Thermaldegradation profile of ethephon, ethephon-Si-NPs and ethephon-Zn-NPs.
Similarly, UV–Vis spectrum of ethephon-Si-NPs also showed some variations in the pattern ranging from 340 to 540 nm. These minor changes indicated the higher thermal stability of silica based nano-formulations. In a recently conducted research88, researchers reported the higher thermal stability of calcium silicate hydrate (CaO-SiO2-Cr(NO3)3-H2O) upto > 550 °C. The calcium silicate hydrate are thermally stable up-till 500 °C, and starts to change the physical properties and chemical composition at the temperature greater than 550 °C. In the case of ethephon-Zn-NPs, slight variations were observed in the UV–Vis spectrum ranging from 340 to 390 nm. However, these variations were less pronounced as compared to the ethephon, due to the presence of Zn-NPs. In a previously conducted research89, researchers reported the higher thermal stabilities of zinc sulphate heptahydrate (ZnSO4⋅7H2O) upto 120 °C. This molecule only shows the slight variations in weight, due to the loss of water molecules, at a temperature ranging from 70 to 120 °C. By further heating the compound till 260 °C, more weight loss was due to the release of sulphate ions from zinc sulphate.
Leaching potential
The leaching potentials of 28-homobrassinolide, ethephon, 28-homobrassinolide-EDTA-NPs, ethephon-EDTA-NPs, 28-homobrassinolide-Si-NPs, ethephon-Si-NPs and 28-homo-brassinolide-Ca-NPs were according to the pore size and empty spaces of soil media. However, some exceptions were observed in the ethephon-Ca-NPs, 28-homobrassinolide-Zn-NPs and ethephon-Zn-NPs. In all these above mentioned nano-formulations, silt showed more affinity for nano-structured PGRs as compared to the clay particles. In case of ethephon-Ca-NPs, ethephon showed lower leaching potentials and higher binding affinities with the silt grains, due to the bond formation in between calcium oxide and silicon oxide as reported in previous research90. In the case of zinc based nano-formulations, both 28-homobrassinolide-Zn-NPs and ethephon-Zn-NPs showed maximum retention inside the glass column, with the minimum wastage of all applied chemicals. These effects might be attributed to the fact that zinc can form the divalent cations and chelated metal ions when found in aqueous suspension, resulting in the formation of larger complexes91.
MTT cytotoxic assay
The obtained result showed that the average cell survival rate of Mentha arvensis L., treated with 28-homobrassinolide and ethephon based nano-formulations was 74.28 ± 0.02 and 74.80 ± 0.03%, respectively. The order of viable cell concentration (%) was as follows: (a) 28-homobrassinolide-Zn-NPs (75.10 ± 0.37) > 28-homobrassinolide-Si-NPs (75.01 ± 0.27) > 28-homobrassinolide-Ca-NPs (74.70 ± 0.30) > 28-homobrassinolide (74.08 ± 0.59) > 28-homobrassinolide-EDTA-NPs (72.52 ± 0.28%) and (b) ethephon-Si-NPs (78.02 ± 0.35) > ethephon (74.85 ± 1.61) > ethephon-Ca-NPs (74.16 ± 0.47) > ethephon-Zn-NPs (73.64 ± 0.82) > ethephon-EDTA-NPs (73.31 ± 0.54%). In a previous study92, researchers recommended the 10−7 M homobrassinolide spray on Mentha arvensis L., along with the other plant growth regulators such as triacontanol and irradiated sodium alginates. In another study52, researchers also reported the 10−7 M 28-homobrassinolide to be optimum for the Mentha arvensis L.
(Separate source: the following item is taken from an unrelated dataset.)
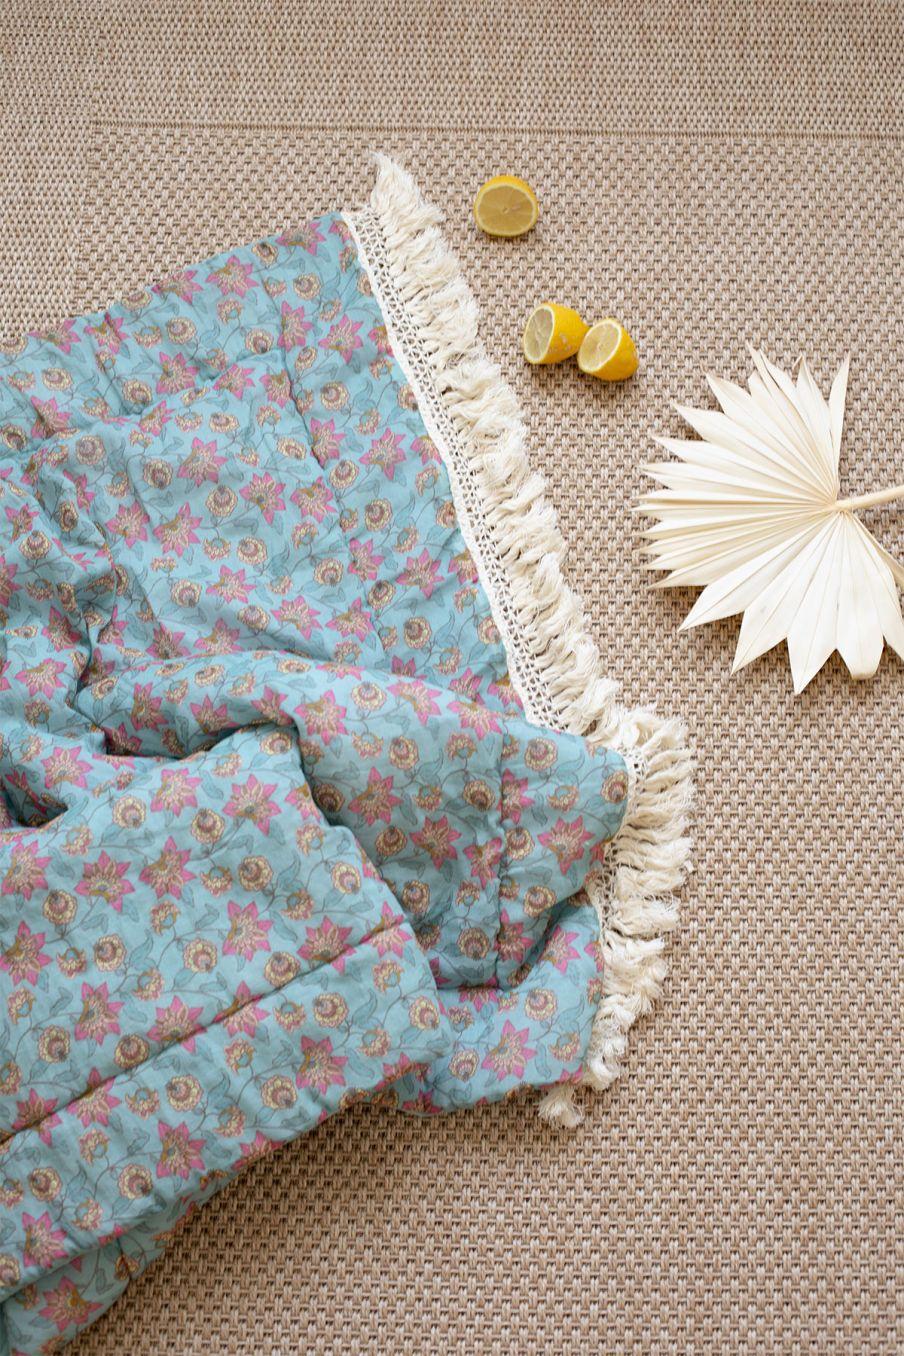 boheme chic vintage large plaid maison noha turquoise flowers

In a previously published article53, scientists used the variable concentrations of 28-homobrassinolide (10−0, 10−8, 10−7 and 10−6 M) and reported the highest menthol (%) by applying 10−7 M 28-homobrassinolide. In another research work60, researchers mentioned the use of 0.5, 1.5 and 2.5 ppm solutions of 24-epibrassinolide (24-eBL) on the Mentha piperita L. In the previously conducted research57, group of researchers used the 250 ppm solution of ethephon on the Mentha arvensis L. (peppermint), and reported the significant reduction in essential oil (%). In another article93, researchers used 0.06% ethephon (2-chloroethyl phosphonic acid) on the Japanese mint and claimed the insignificant variations on the essential oil contents. In another research work58, researchers used 1 to 100 µM ethephon solution on the Cannabis sativa L. and reported the significant variations in essential oil contents, by varying the concentration of PGRs.
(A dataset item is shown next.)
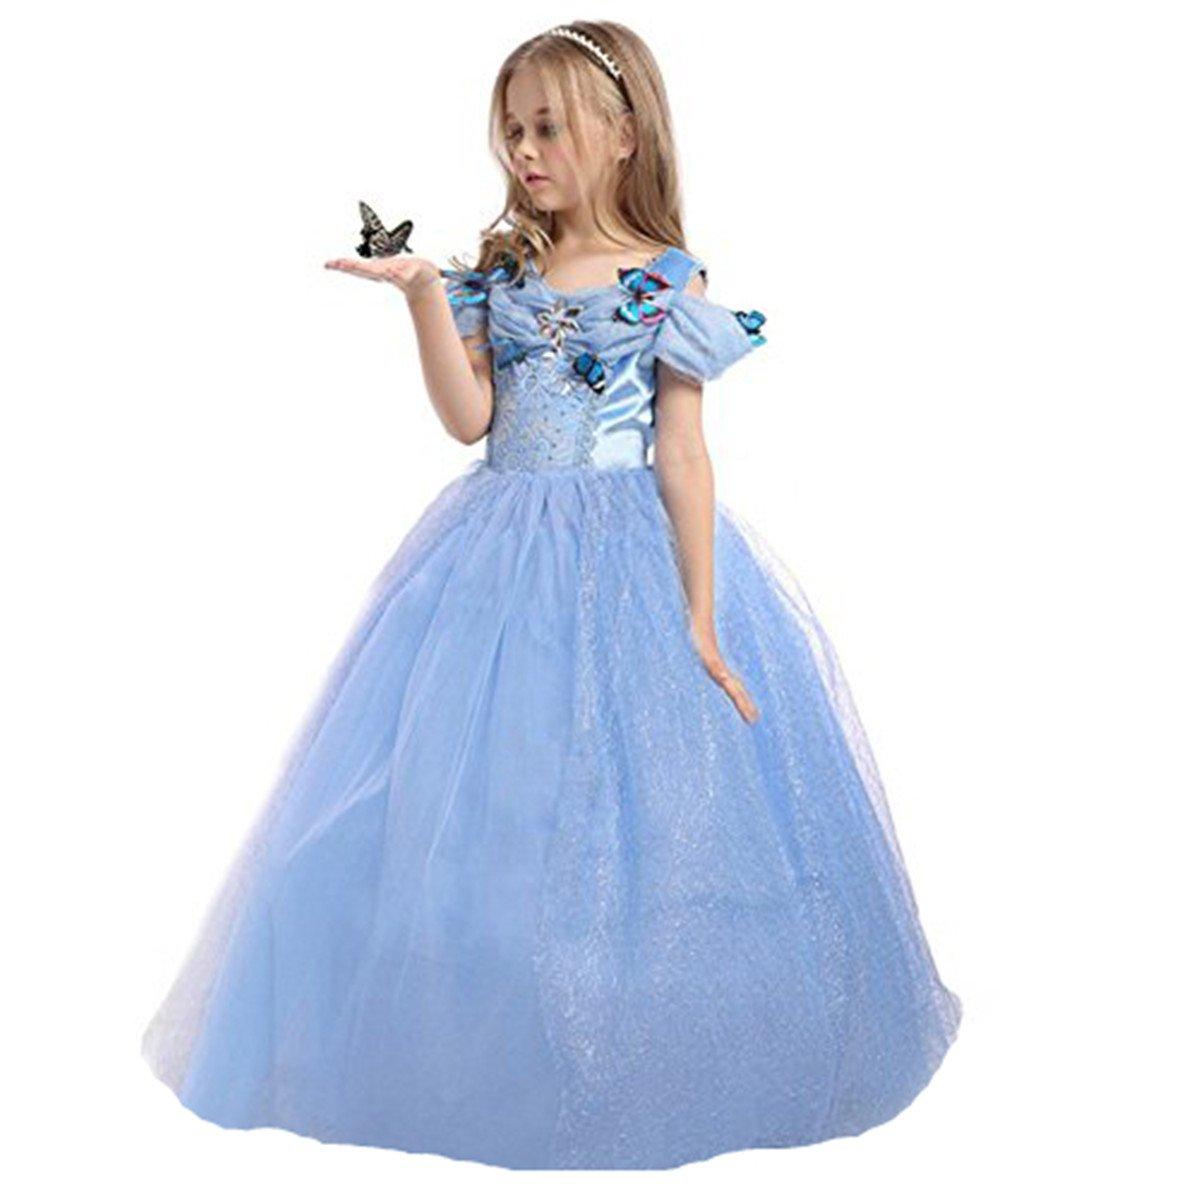 ELSA & ANNA® Princesa Disfraz Traje Parte Las Niñas Vestido (Girls Princess Fancy Dress) ES-FBA-CNDR5 (4-5 Años, ES-CNDR5) product image

The above mentioned results are compared with the previous literature and data is compiled in tabulated form (Table 2).
Characterization techniques
Fourier transform infrared spectroscopy (FTIR)
The FTIR spectra of 28-homobrassinolide, ethephon and their corresponding NPs are shown (Fig. 2). In the FTIR spectrum of 28-homobrassinolide, less dominant and weaker peaks at 1736.9 and 2079.9 cm−1 were due to the C=O stretching vibrations and C–H bending vibrations of aromatic ringed structure. The tapered ended, dominant, sharp and strong peak at 1114.5 cm−1 represented the C–O stretching vibrations of 28-homobrassinolide. In the fingerprint region of FTIR spectrum, the sharp and broad peaks at 674.6 and 868.5 cm−1 represented the C=C bending vibrations, produced via liberation of methyl and hydroxyl groups94. In the FTIR spectra of 28-homobrassinolide based nano-formulations, only characteristic peaks are described in detail and rest of the peaks are according to the FTIR spectrum of 28-homobrassinolide. In the FTIR spectrum of 28-homobrassinolide-EDTA-NPs, the strong, broad and deep shouldered peak at 3019.1 cm−1 indicated the strong stretching vibrations of N–H bonds of amines and the broad and strong peak at 1632.6 cm−1 represented the intense C=O stretching vibrations. The two broad and strong peaks at 1043.7 and 1114.5 cm−1 were due to the C–N and C–O stretching vibrations, respectively95.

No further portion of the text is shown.